Let us assume we have a website and, for the sake of argument, that the back end is written in Java.
Let us also assume that we would like to capture clickstream data for users on our website. We would like to track various things, for example:
- IP
- Access time
- Referral
- User Agent
- etc.
Another assumption is that we have a clickstream web-service somewhere with REST interface and that it simply saves the information we deliver to it to the database.
Now, from my, limited knowledge about this stuff, point of view, I see 2 issues.
- How to ensure that clickstream data is captured and not avoided by user?
- How to make your clickstream service portable?
At the moment, I'm seeing 2 ways of implementing clickstream, but both have some flaws.
- Use Javascript to send clickstream data, making it portable so you can hook it to any website without changing the backend code. The only changes that should be made are in HTML (and those are minor ones)
Have a HTML page with
<body onload="captureAndSendClickStreamData();">...</body>
where captureAndSendClickStreamData()
is a function in your Clickstream.js you included.

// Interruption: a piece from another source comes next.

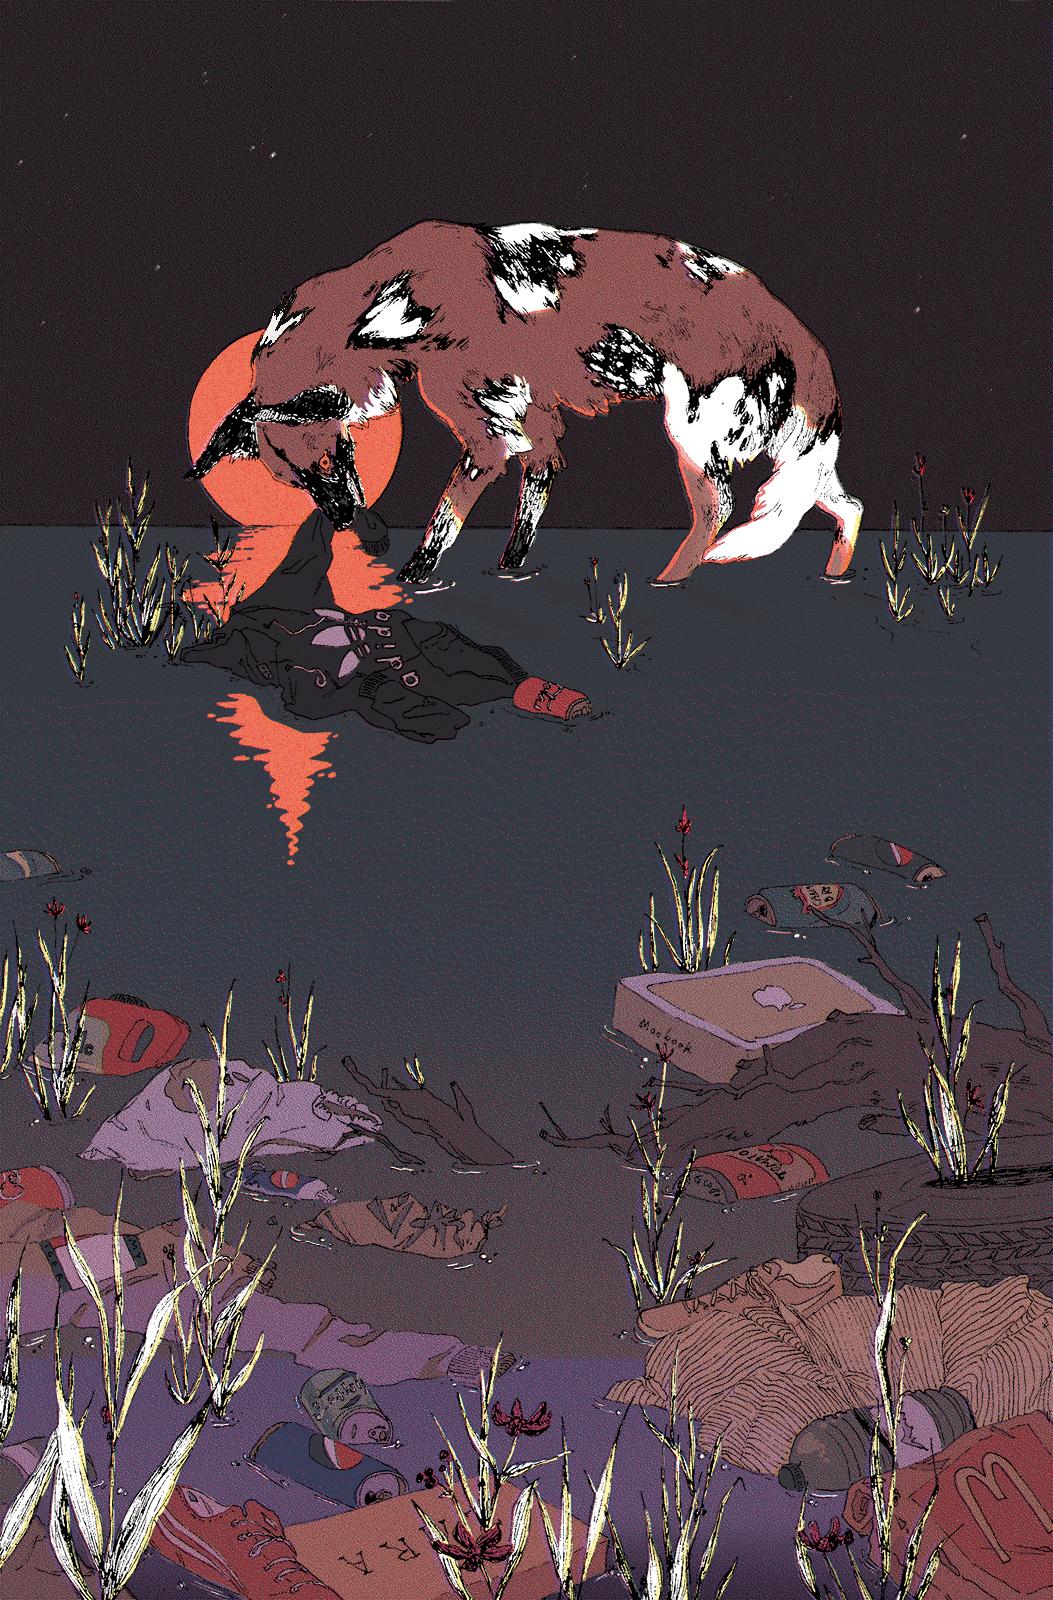 Illustration by Kima Lenaghan

Obviously, this approach offers easy portability, right? However, what if the user disables JS? In essence, he's blocking the clickstream service you worked so hard on.
- You handle capturing clickstream data in some
ClickStreamServletFilter
class. The obvious advantage is that the end user has no knowledge of it, and can't really disable it. However, to extend some other site with your clickstream service, you need to mess up with the back end, which is even more messy if the website you're trying to enhance is not written, in this case, in Java.
So, my final questions are:
- Are there any other not-so-obvious (dis)advantages to the approaches mentioned?
- Are there any other viable approaches?
- How do big guns, like Google, Facebook, Amazon, handle this?
Thank you for your time :)